Support for symmetric filters is provided by the pre-adder 184 in front of the multiplier 186. Some DSP blocks 120 may have 1 or 2 multipliers, although more multipliers are possible. The advantage of the method shown in FIG. 3 is that about half the number of multipliers (half+1 in the case of an odd length filter) are used to implement a symmetric FIR filter, compared to providing a multiplier 186 for each tap. Before continuing, it should be noted that the example of a symmetric FIR filter is purely illustrative. There are many other applications for pre-adders 184 as well.


In one example, arithmetic circuitry 190 of the filter 180 may be provided by a digital signal processing (DSP) block 120 of the integrated circuit 12, as shown in FIG. 4. Indeed, an adder 184 is typically much smaller than a multiplier 186 of the same precision. Replacing a multiplier 186 function with an adder 184 function is therefore expected to offer advantages in terms of area and power. FIG. 4 shows the logical structure of a DSP block 120 with pre-adder 184 functionality. In this case, register stages 202 receive data from inputs 204 before the data is added in the pre-adders 184 and again before the data is multiplied in the multipliers 186. The results are provided in outputs 206. The results from the multipliers 186 are output directly from the DSP block 120. For FIR filtering, an additional adder may also be provided after the multipliers 186 to add the results together, likely with additional capability to add adjacent DSP blocks 120 together as well to construct the FIR filter 180.

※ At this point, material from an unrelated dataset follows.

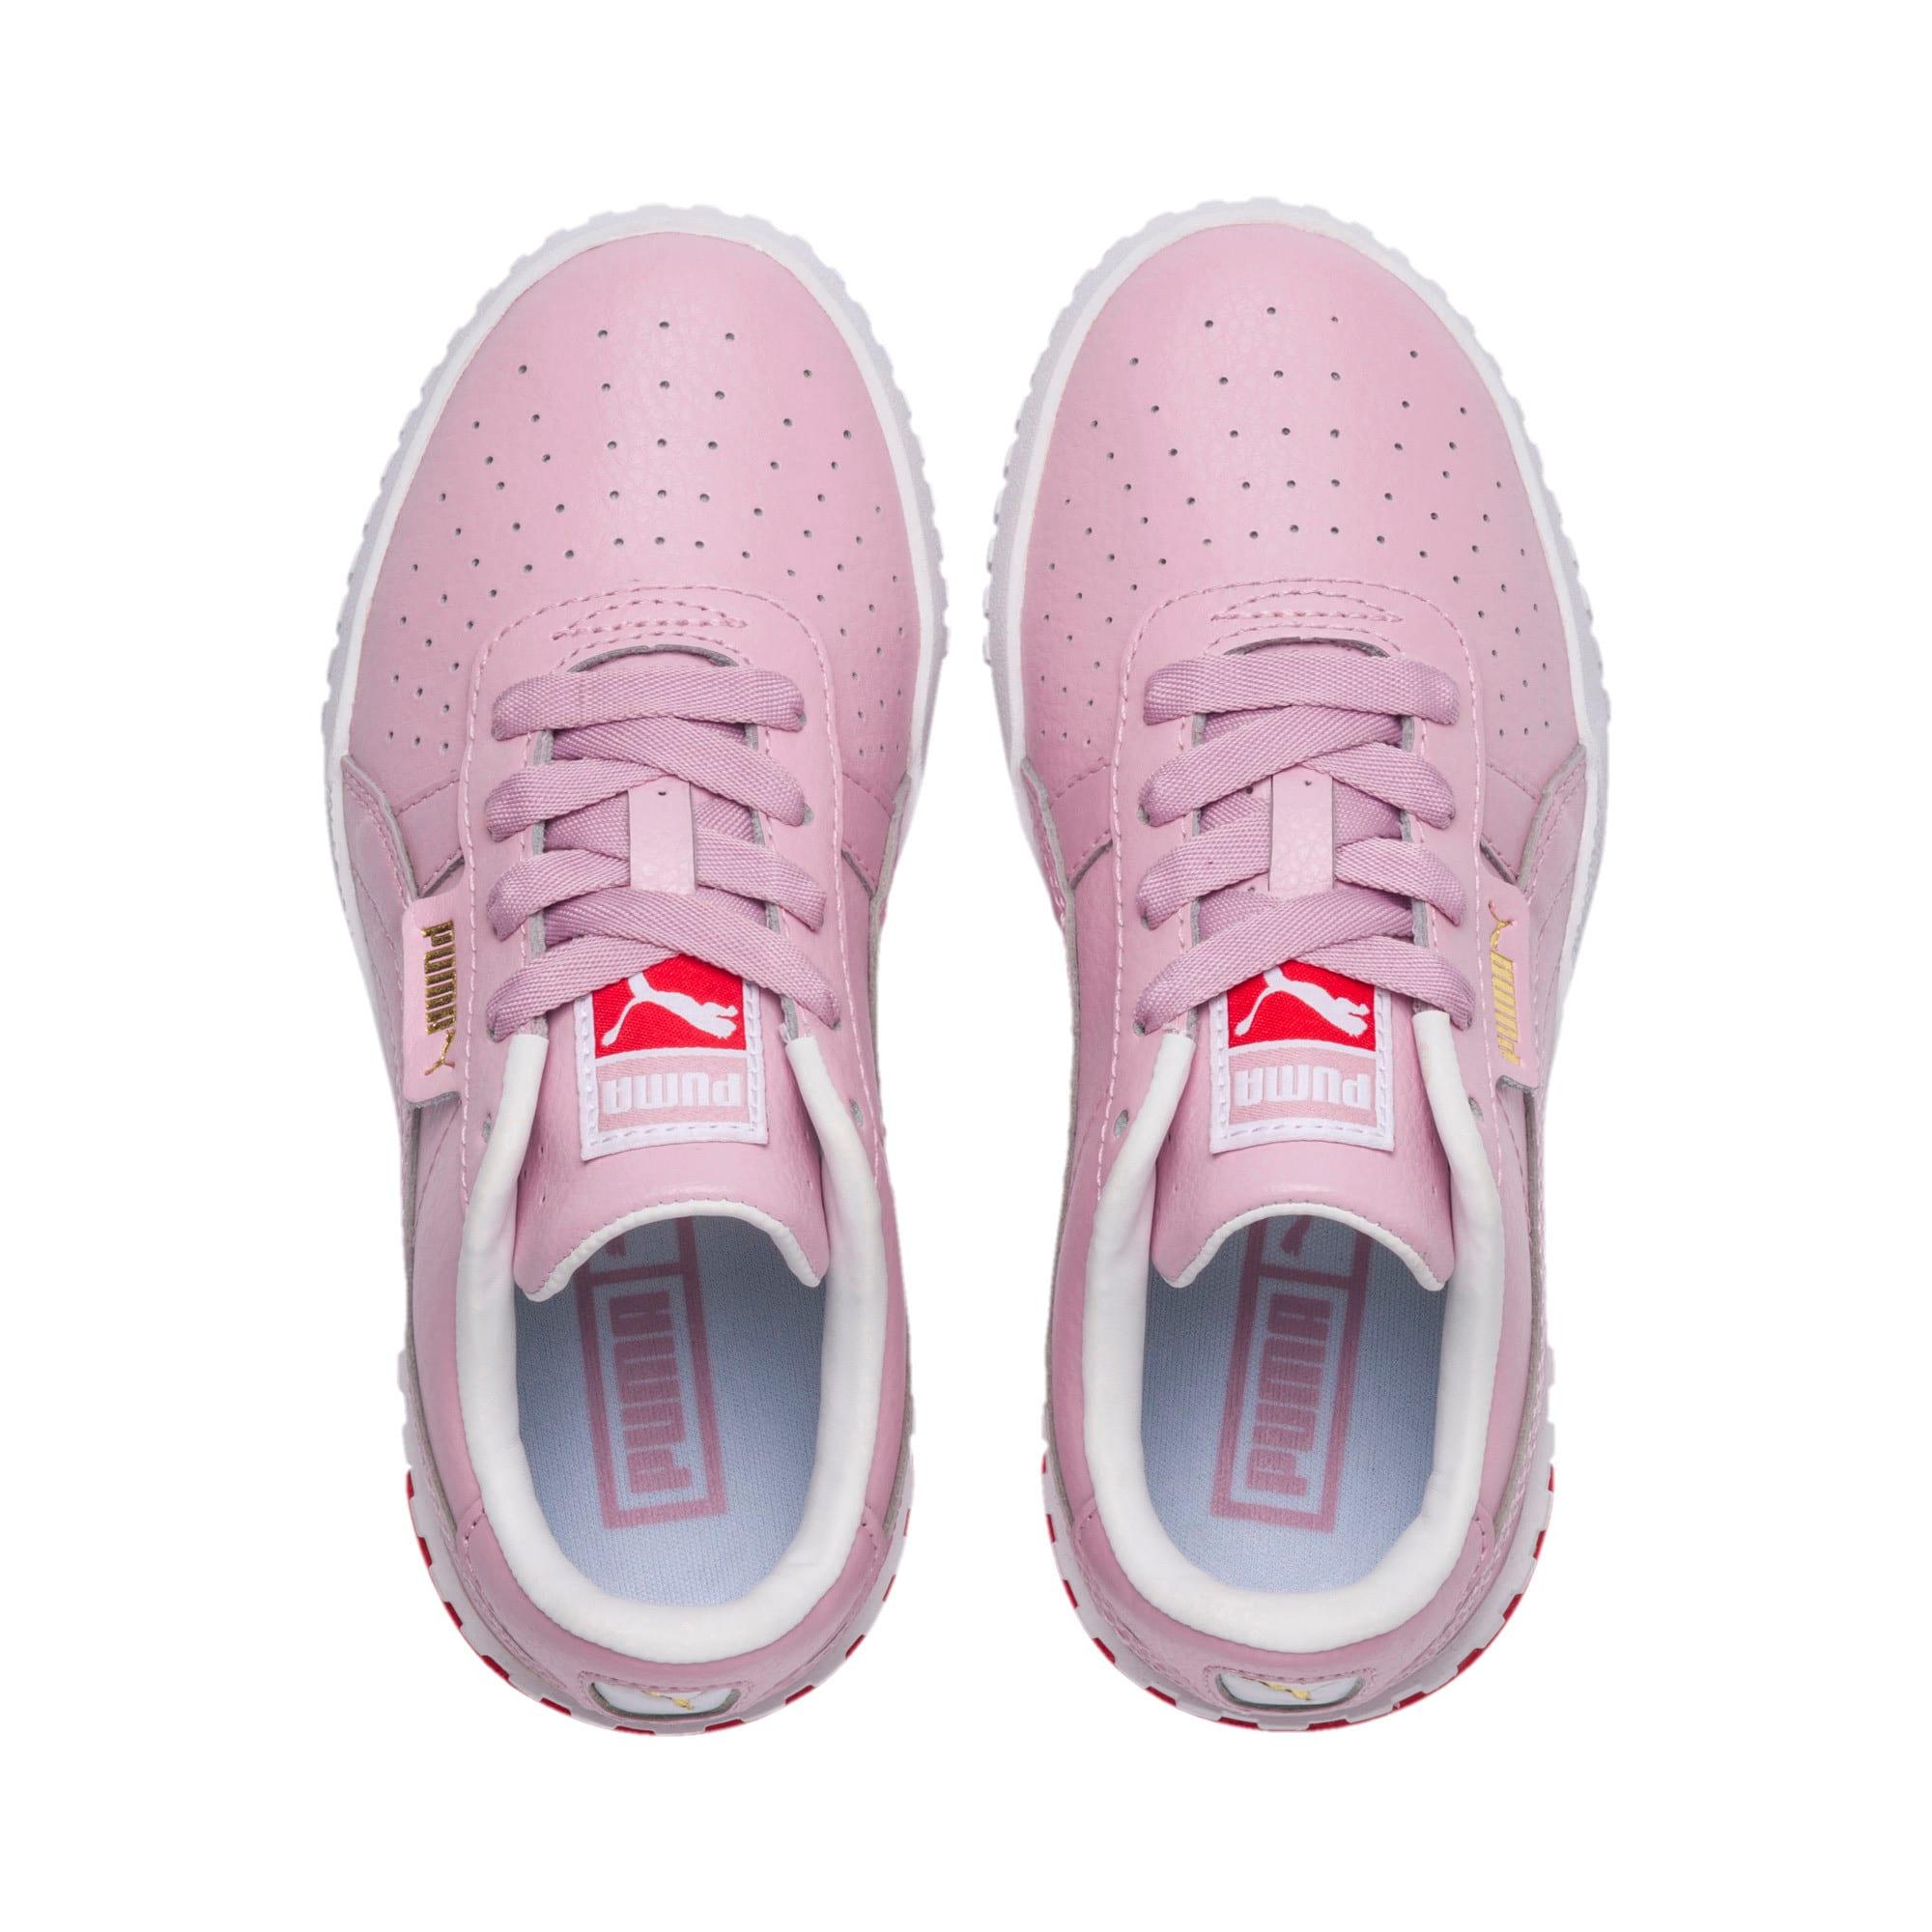 Thumbnail 6 of Cali Little Kids' Shoes, Puma White-Hibiscus, medium

Although the adders 184 are much smaller physically than the multipliers 186, the adders 184 cannot be easily combined with the multiplier 186 logic, and the output of the pre-adder 184 may be completely calculated (e.g., in a carry propagate manner) before inputting to the multiplier 186. In practice, this will involve the insertion of a register stage 202 between the adder 184 and multiplier 186. The additional register stage 202 takes up additional area and power. Note that it is also possible to use synthesis tools and gate library selections to build a faster adder/multiplier pair than will not need a register stage to meet timing, but this will likely result in a much larger circuit. Such a circuit will also have a higher static power consumption, as lower Vt transistors would be used for increased performance. Considering that the integrated circuit 12 may contain thousands of DSP blocks 120, increasing static power consumption in the DSP blocks 120 could be a very bad tradeoff.

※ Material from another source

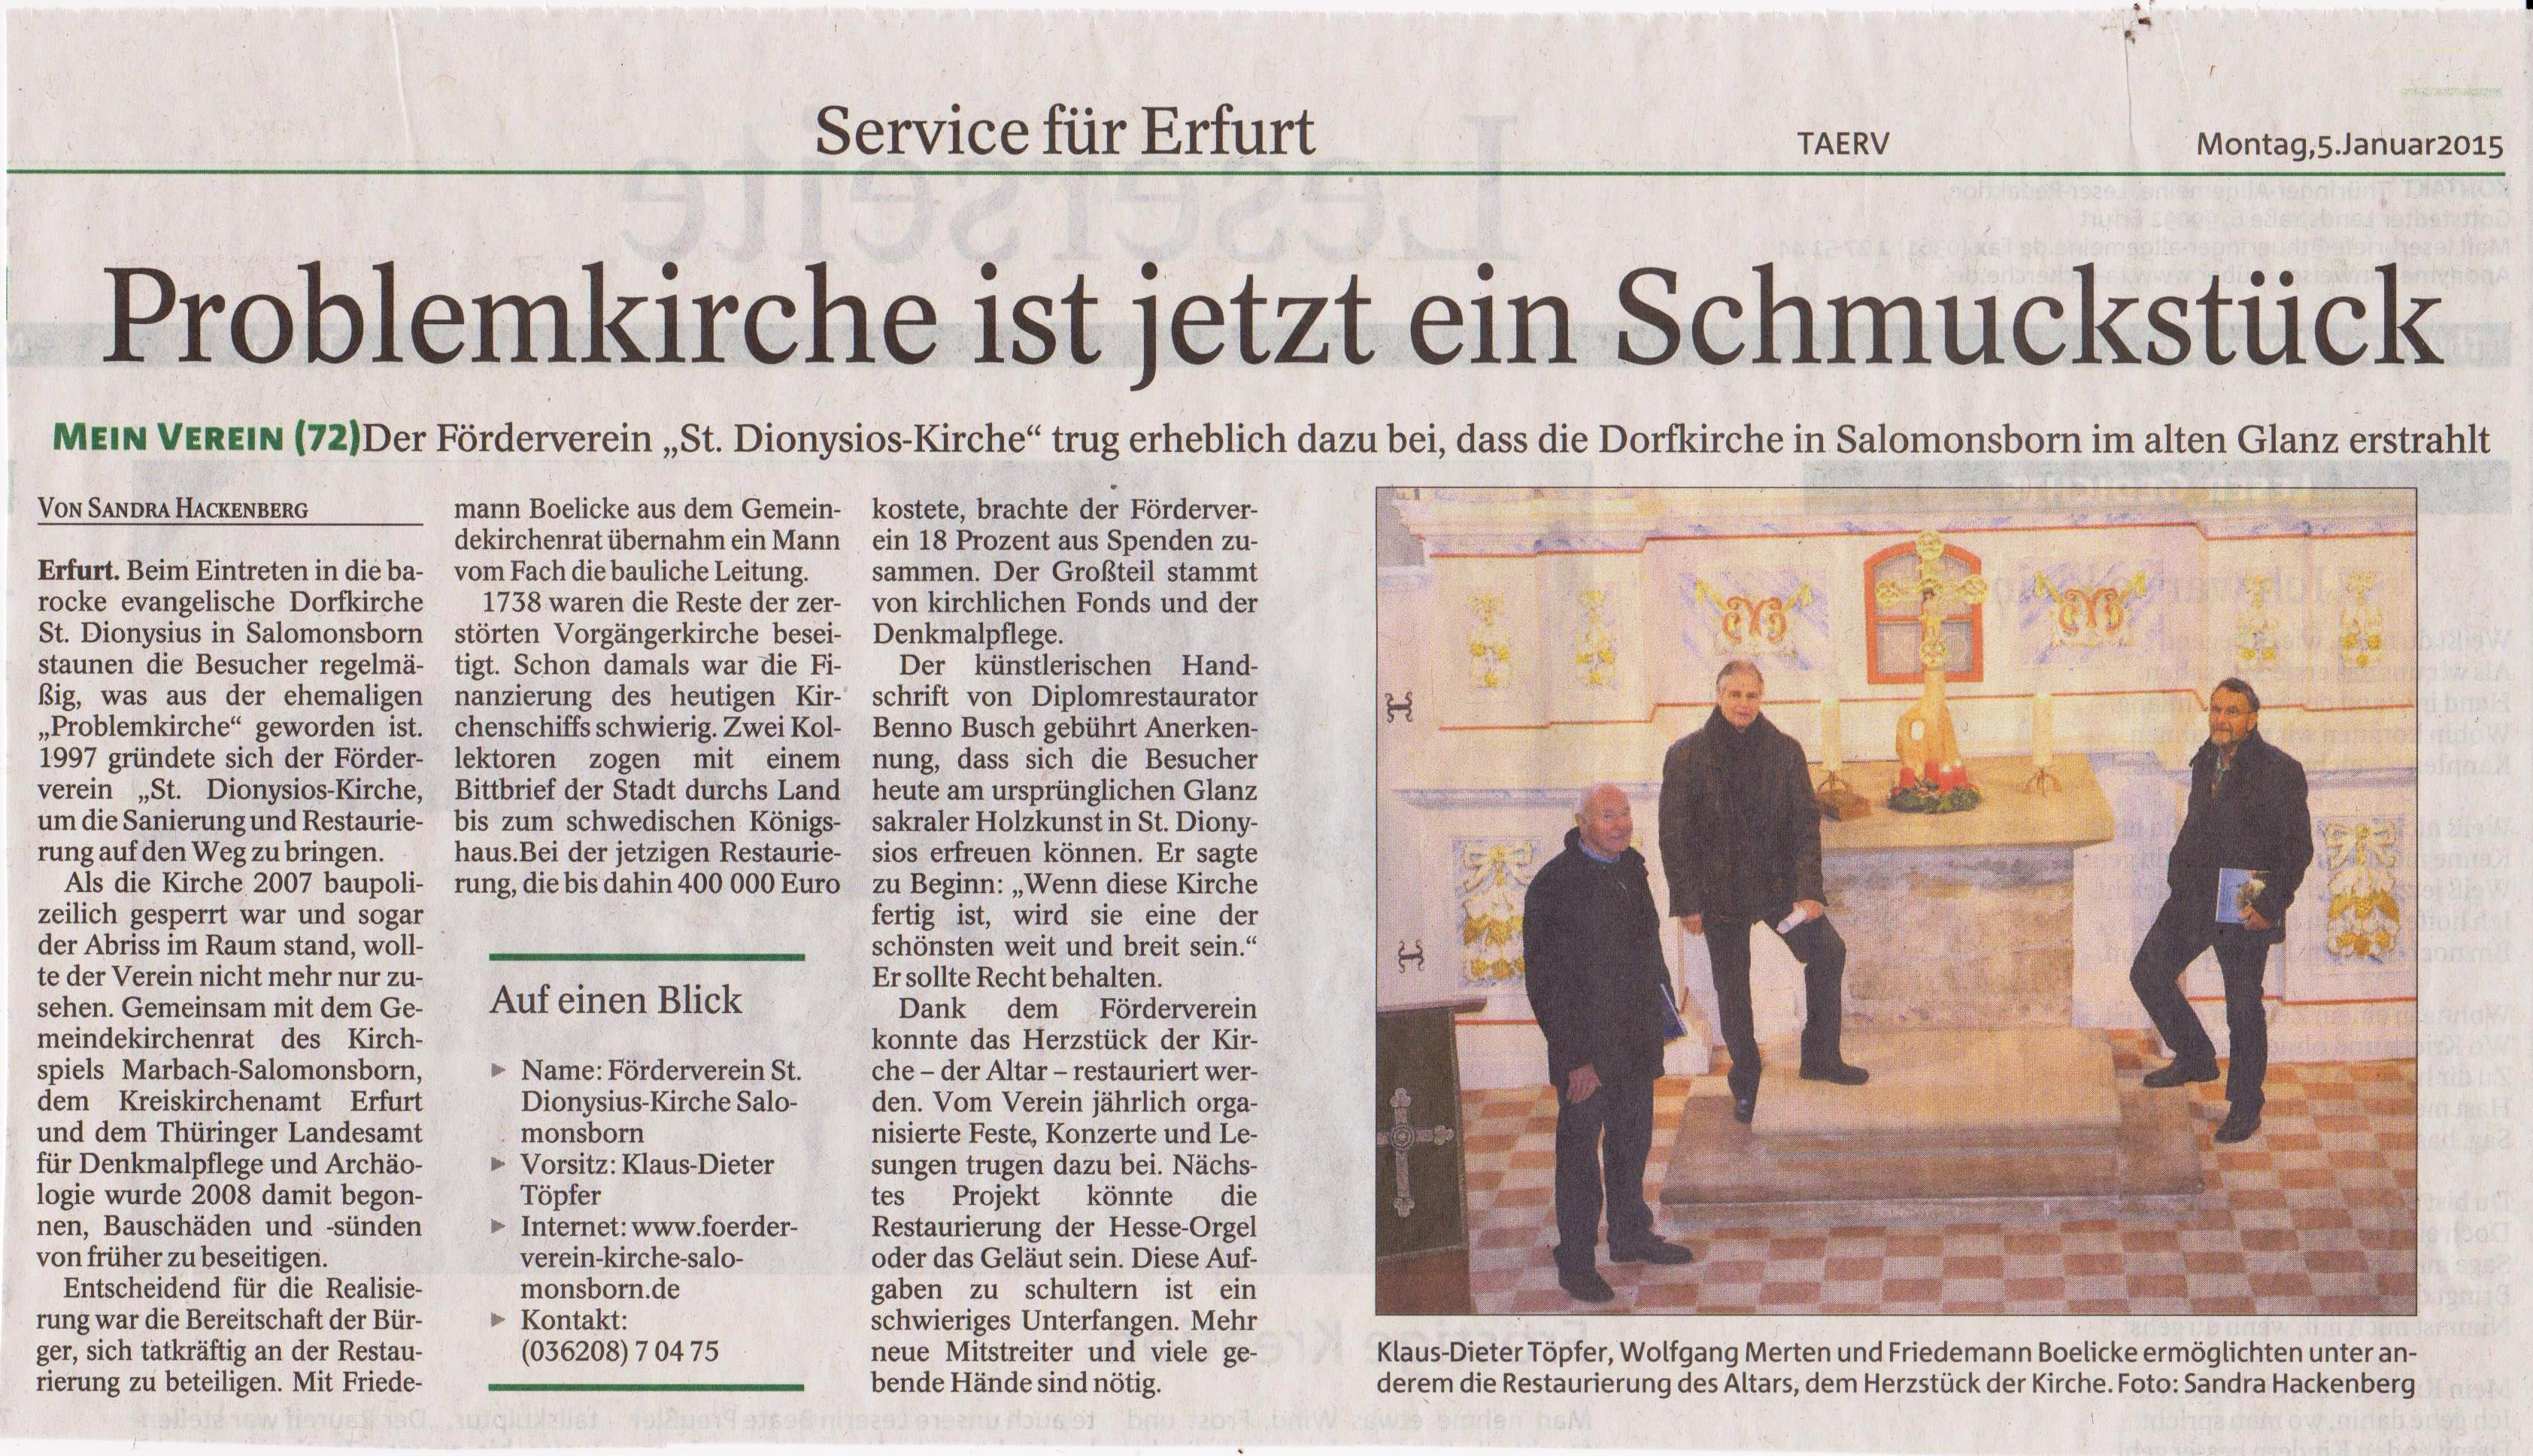 Problemkirche 001

The pre-adders 184 may be removed while maintaining the effectiveness of DSP block 120 for use in a symmetric FIR filter, while improving area-efficiency, by replacing the pre-adders 184 with additional multipliers 186. This is a very unintuitive result. A DSP block 120 of FIG. 5 shows the use of additional multipliers 186 to provide pre-adder 184 functionality so that the DSP block 120 contains circuitry that is functionally equivalent to that of circuitry 190, except more efficient. Here, four multipliers 186 are used. Although the multipliers 186 are larger than the adders 184 they are replacing, there is one fewer register stage 202 (saving space). As a consequence, this design also has a slightly lower latency. The number of inputs 204 (here, 6 wires) in the example of FIG. 5 without pre-adders 184 is the same as in the example of FIG. 4 that includes the pre-adders 184.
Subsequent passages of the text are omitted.